What to produce: Repeat the data as given. Images do not go in the copy.

Data segment:
┄┄┄┄┄┄
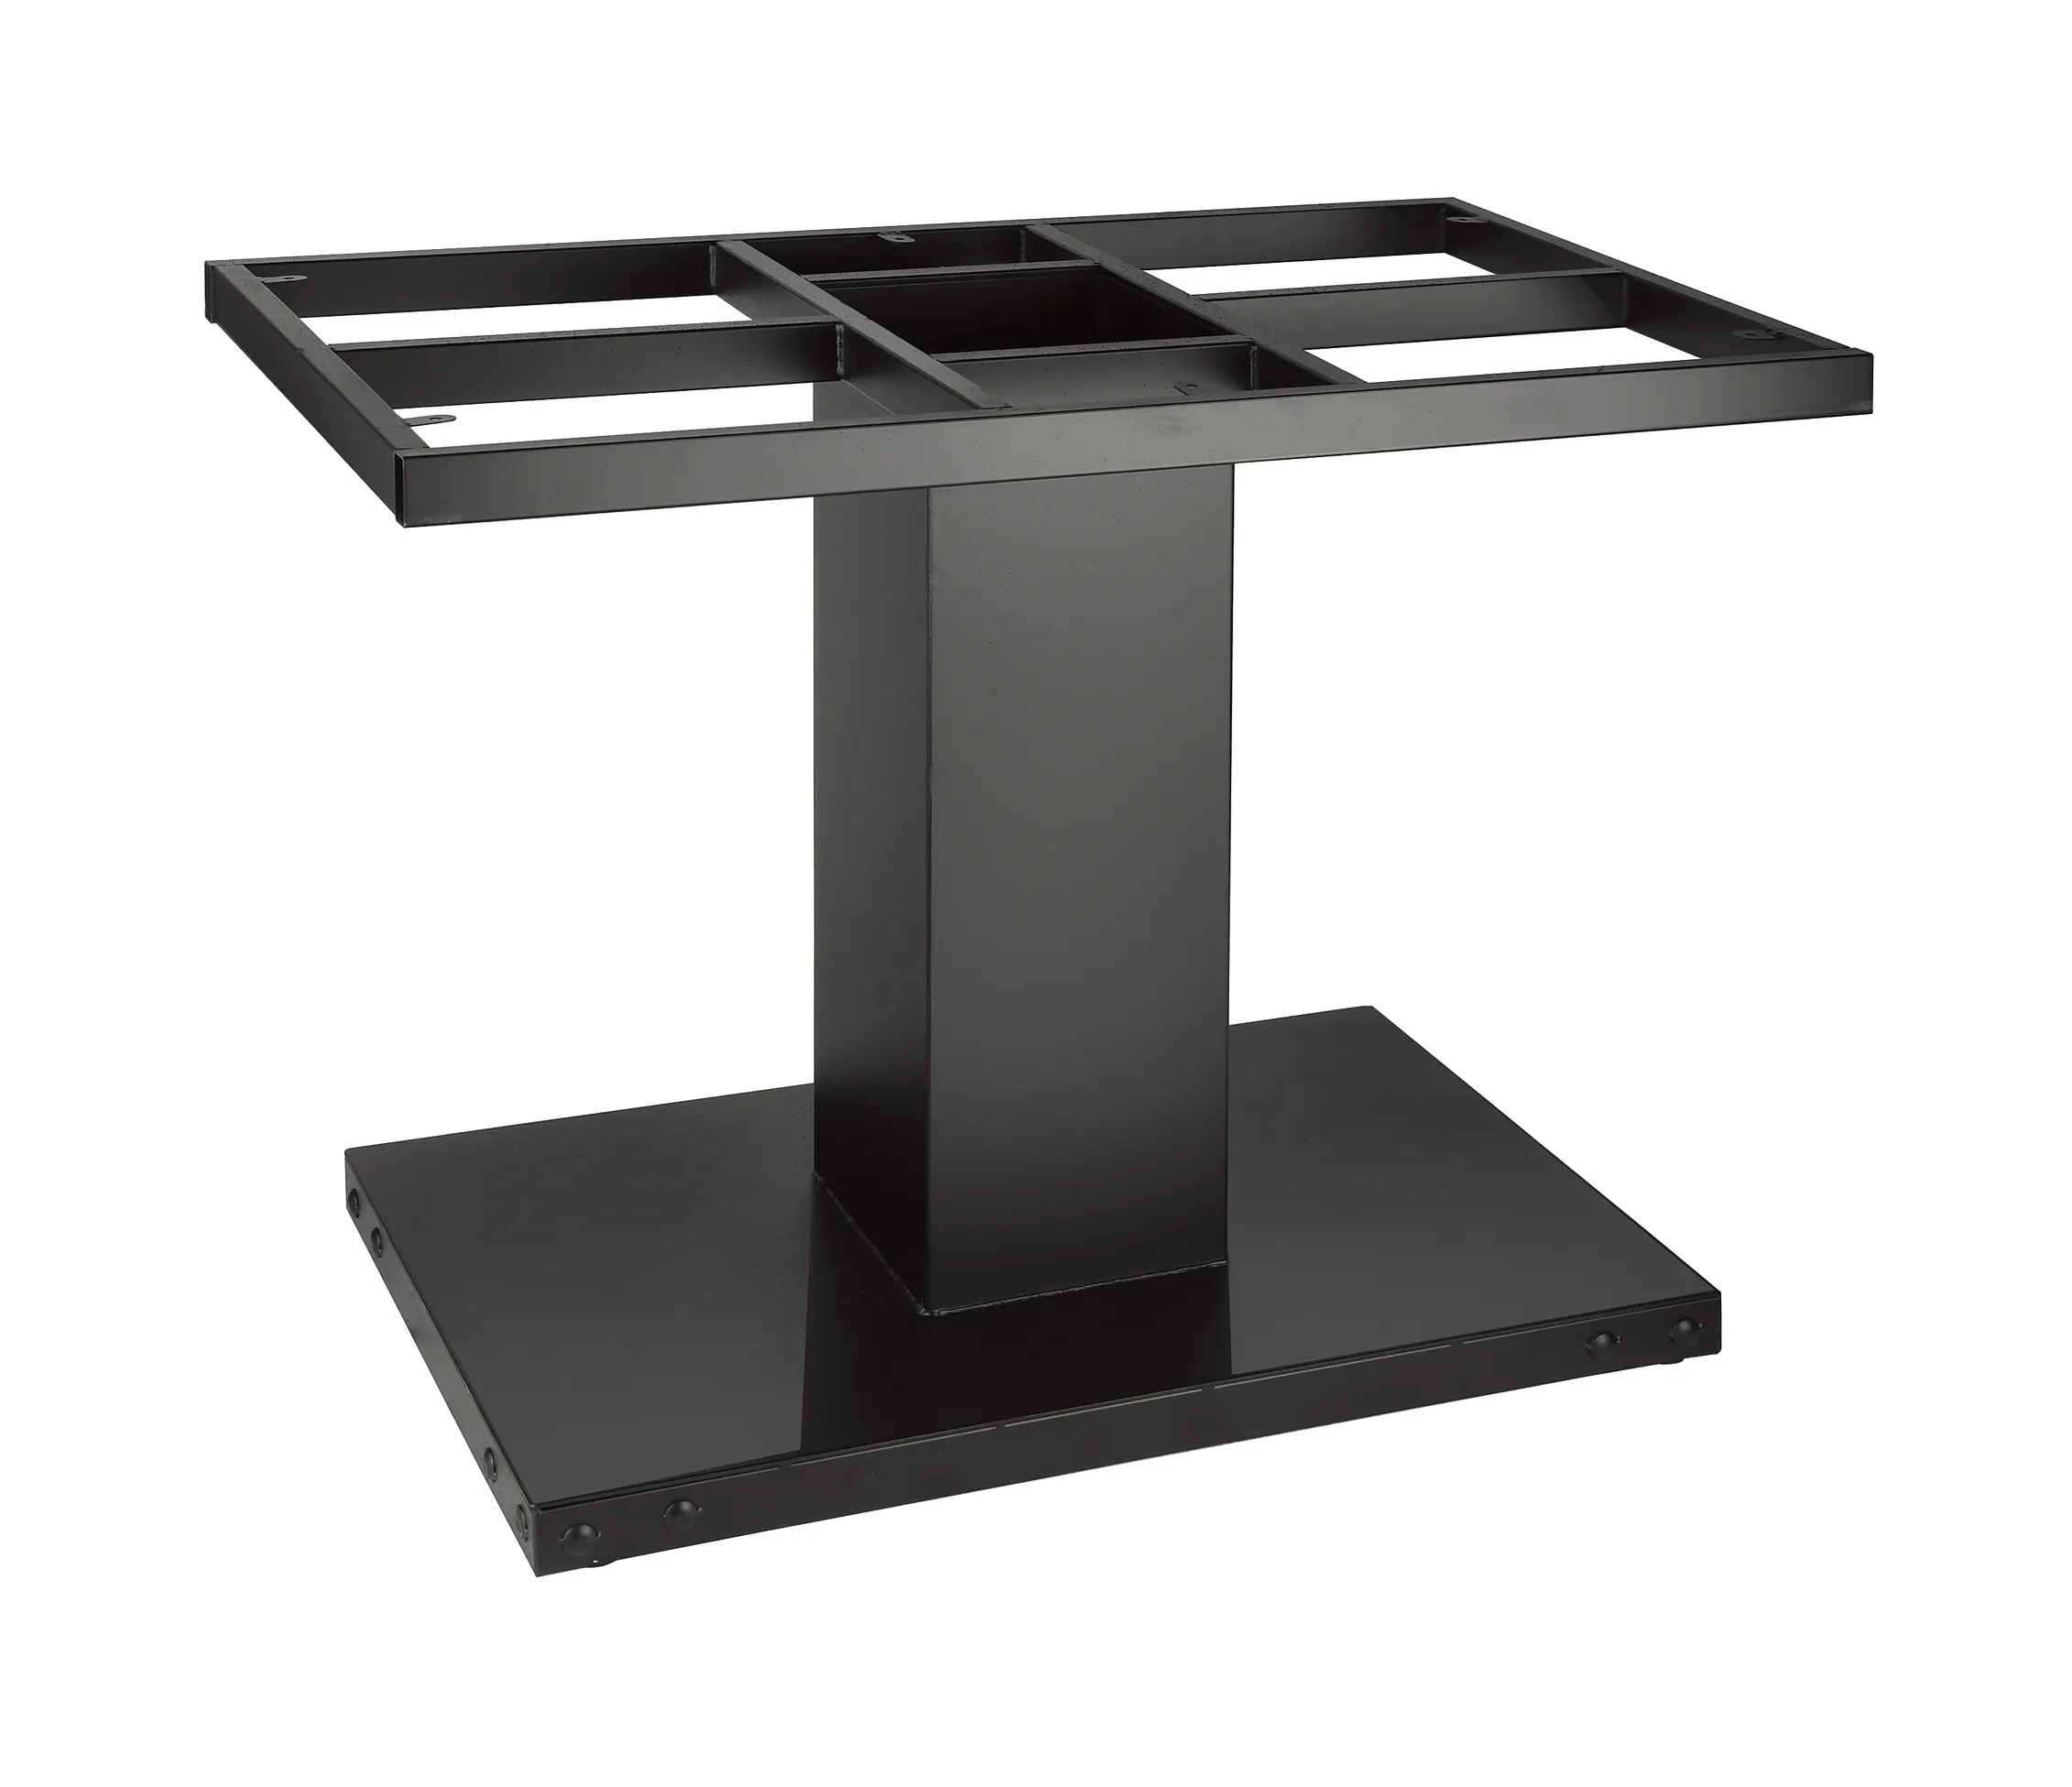 Altura contador bronze pedestal bar perna metal jantar pernas oval mesa medíocre base para a mesa de café
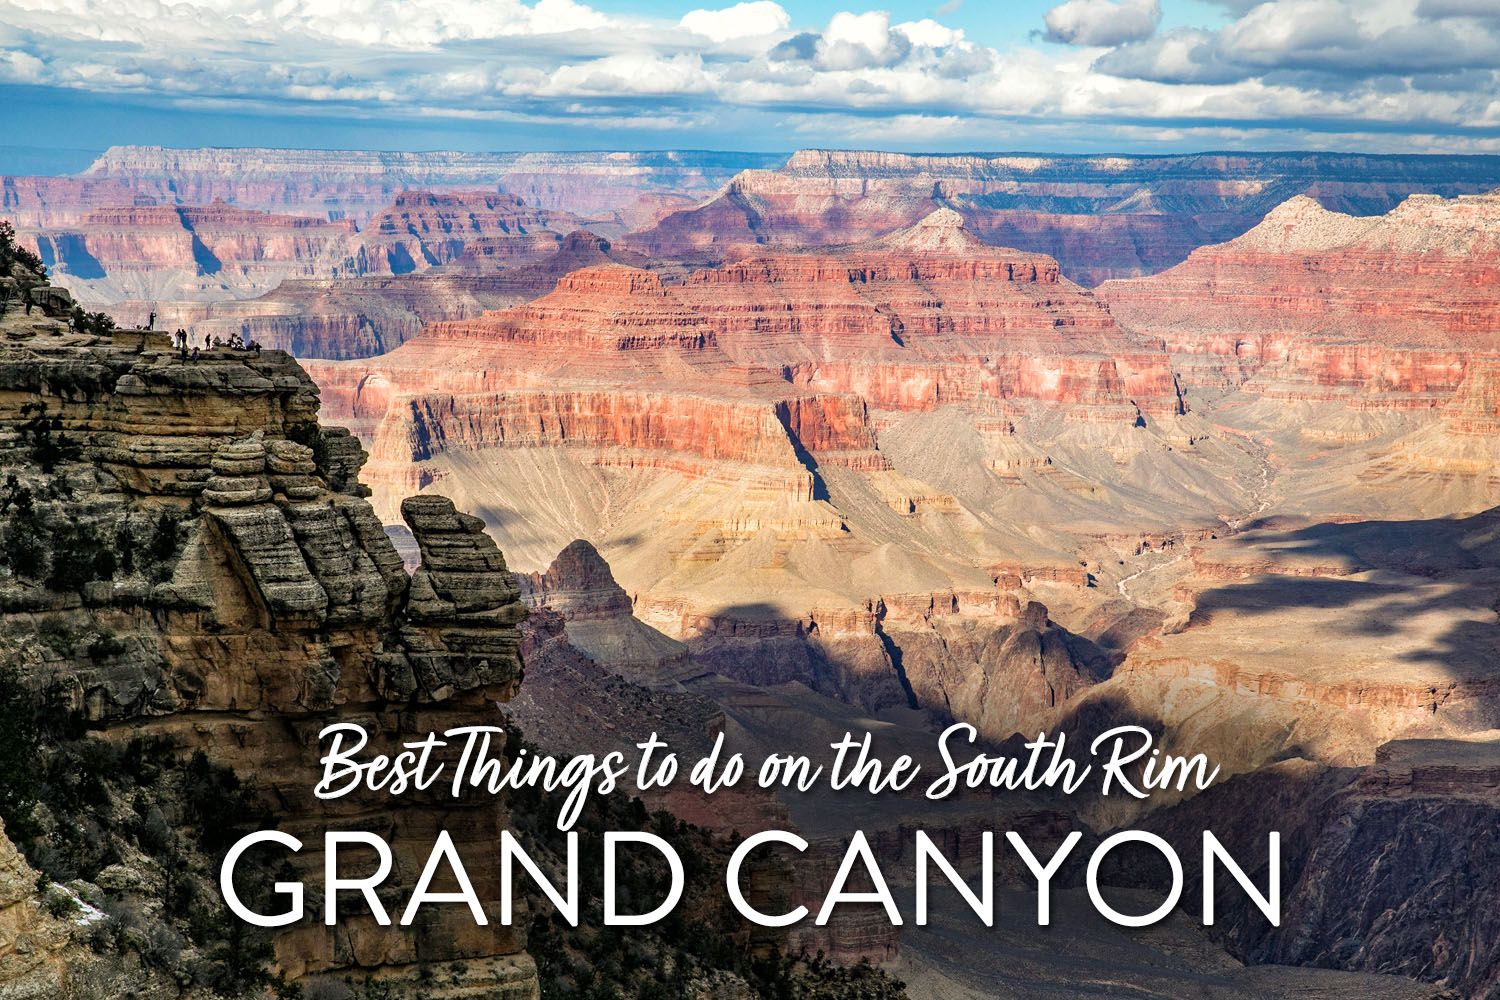 Grand Canyon to do list
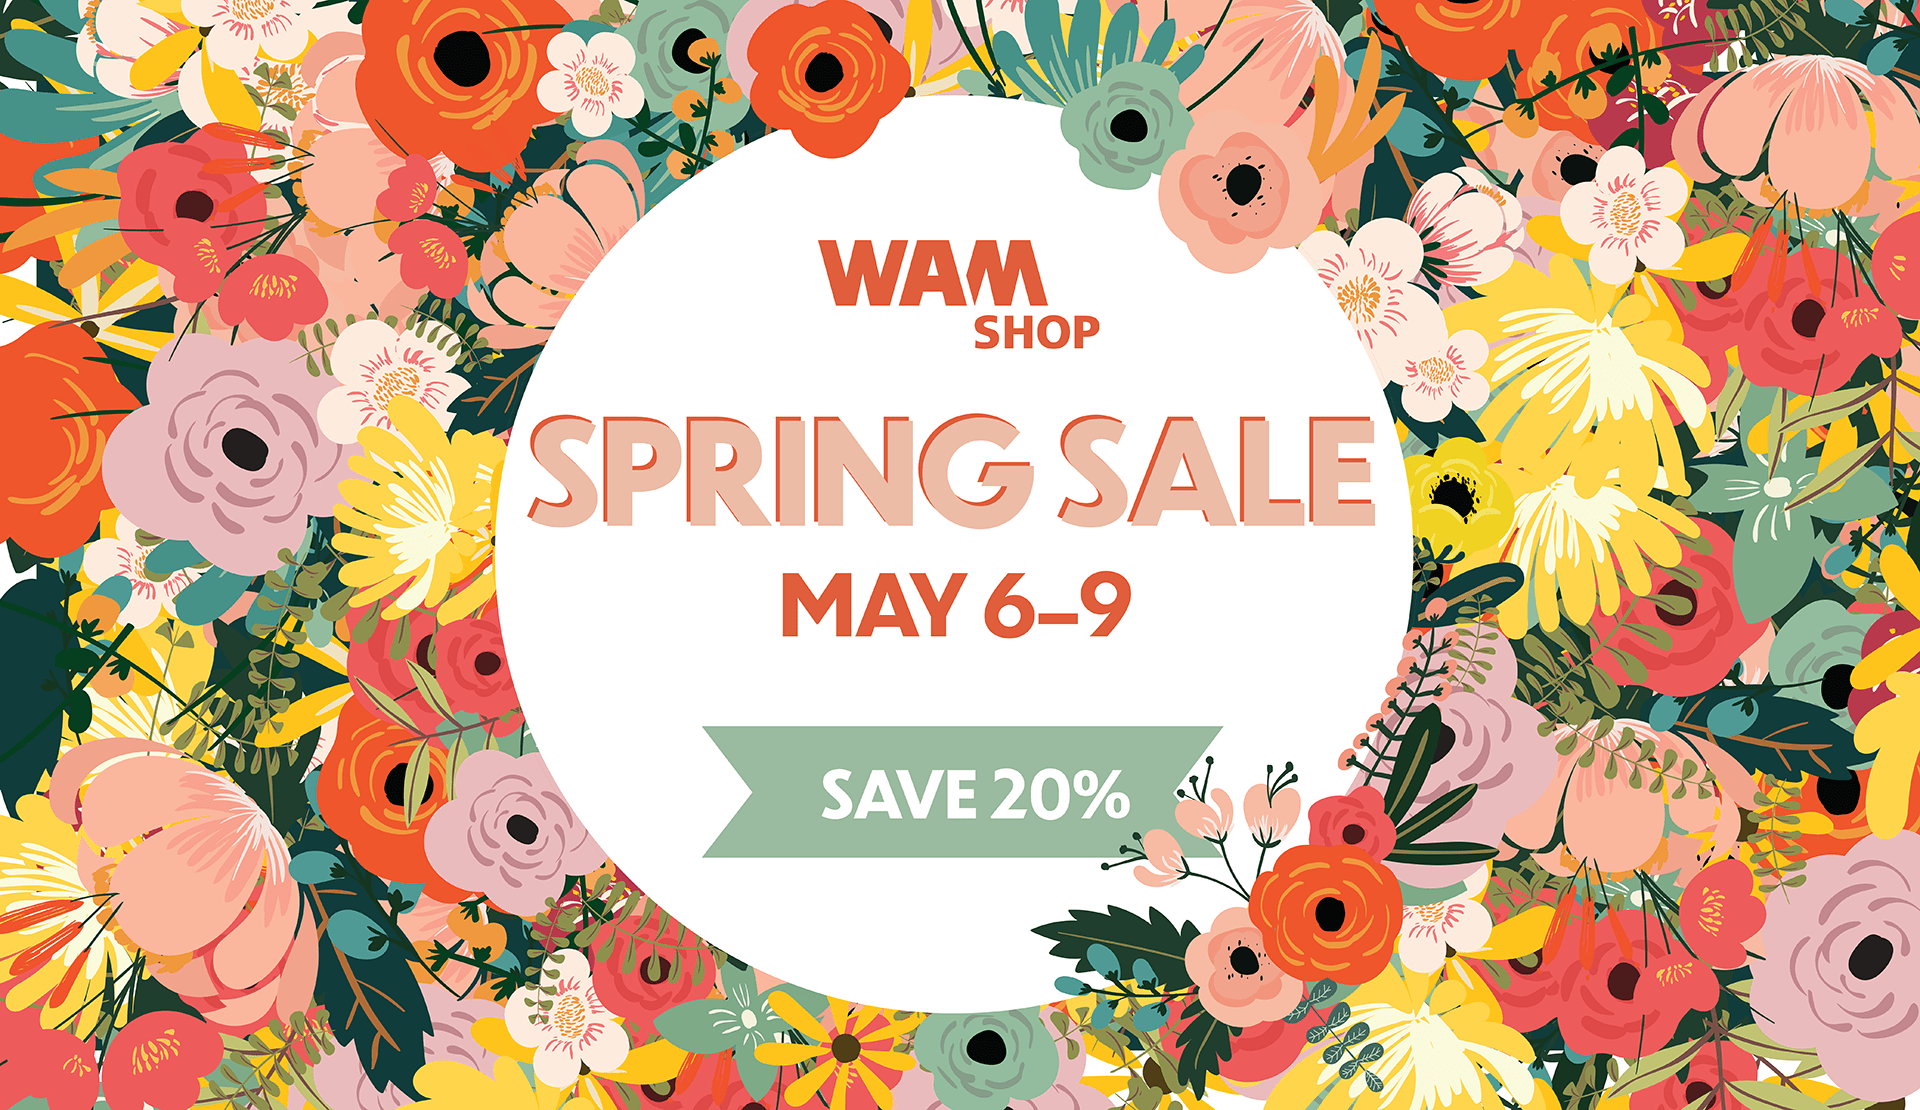 WAM Shop spring sale banner
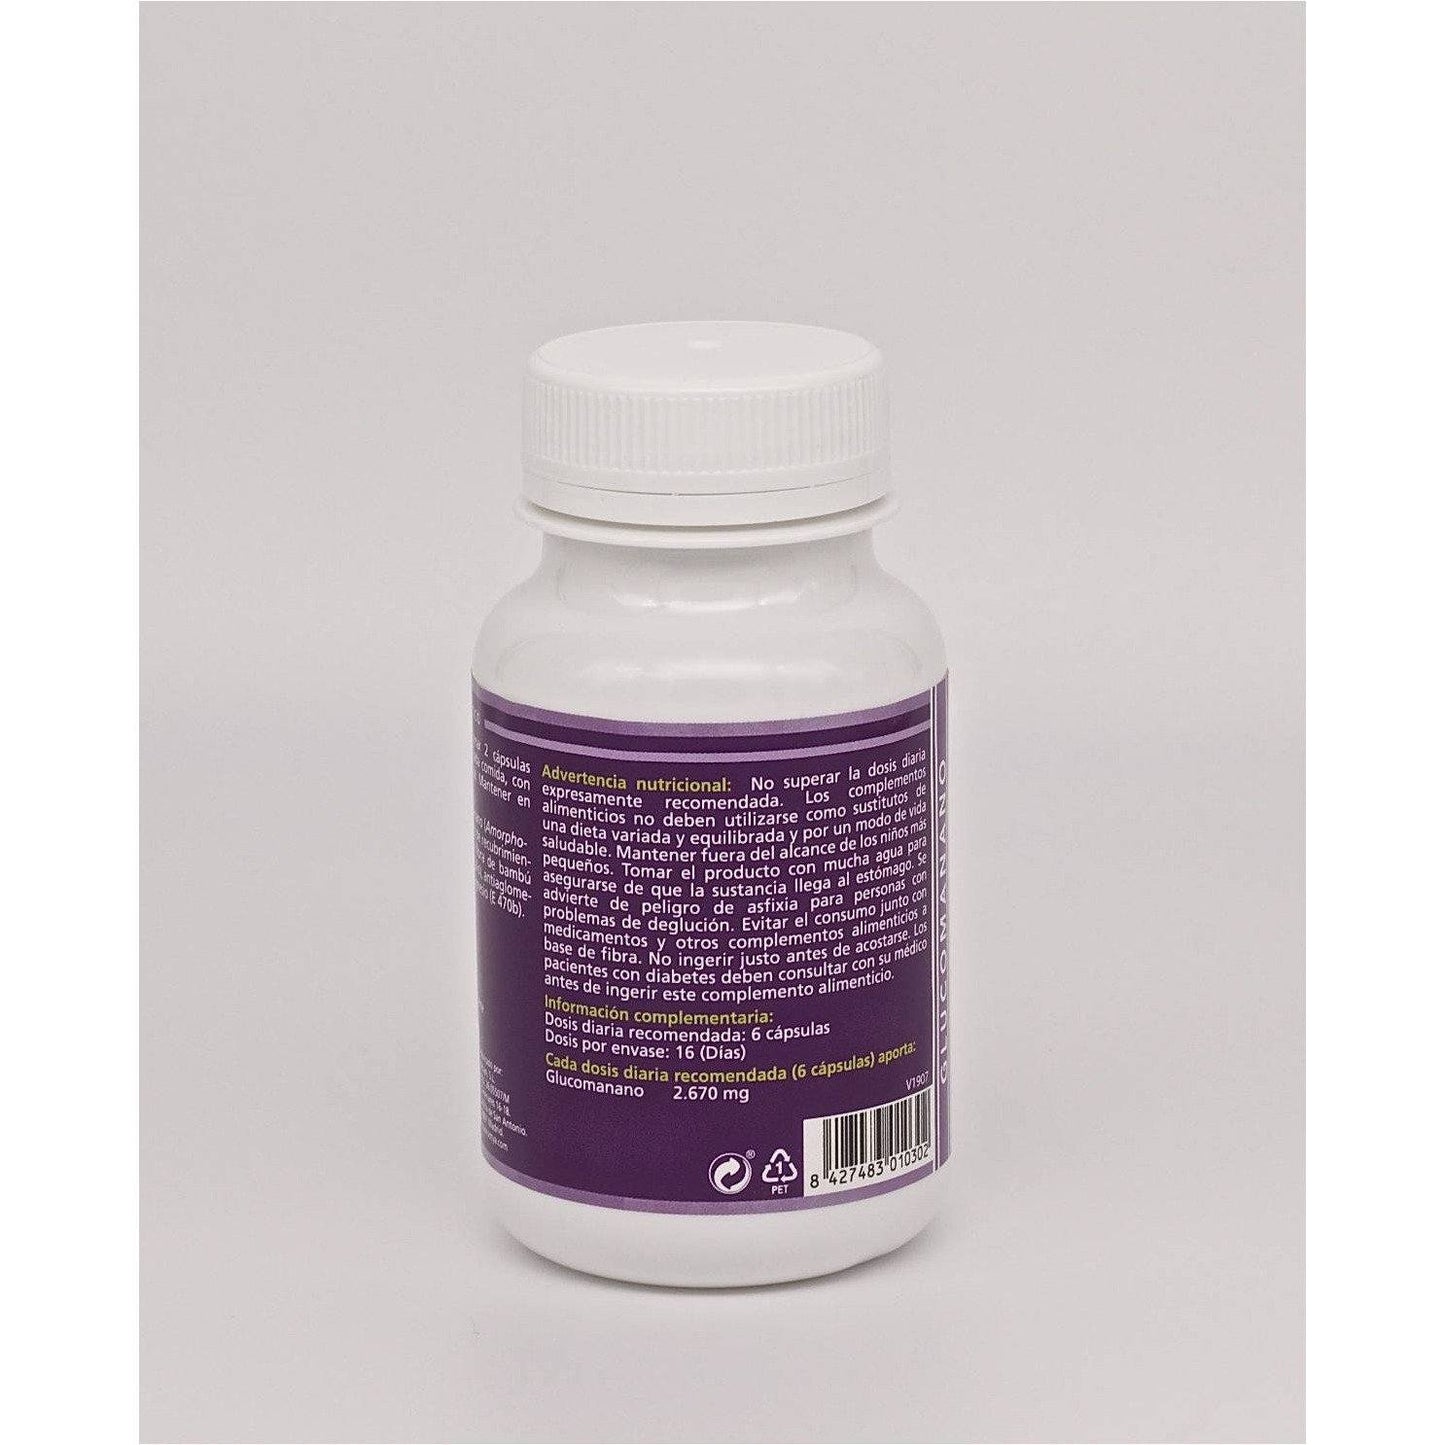 Glucomanano 600 mg 100 Capsulas | Sotya - Dietetica Ferrer
┄┄┄┄┄┄
Solution to the problem:
 Altura contador bronze pedestal bar perna metal jantar pernas oval mesa medíocre base para a mesa de café
 Grand Canyon to do list
 WAM Shop spring sale banner
 Glucomanano 600 mg 100 Capsulas | Sotya - Dietetica Ferrer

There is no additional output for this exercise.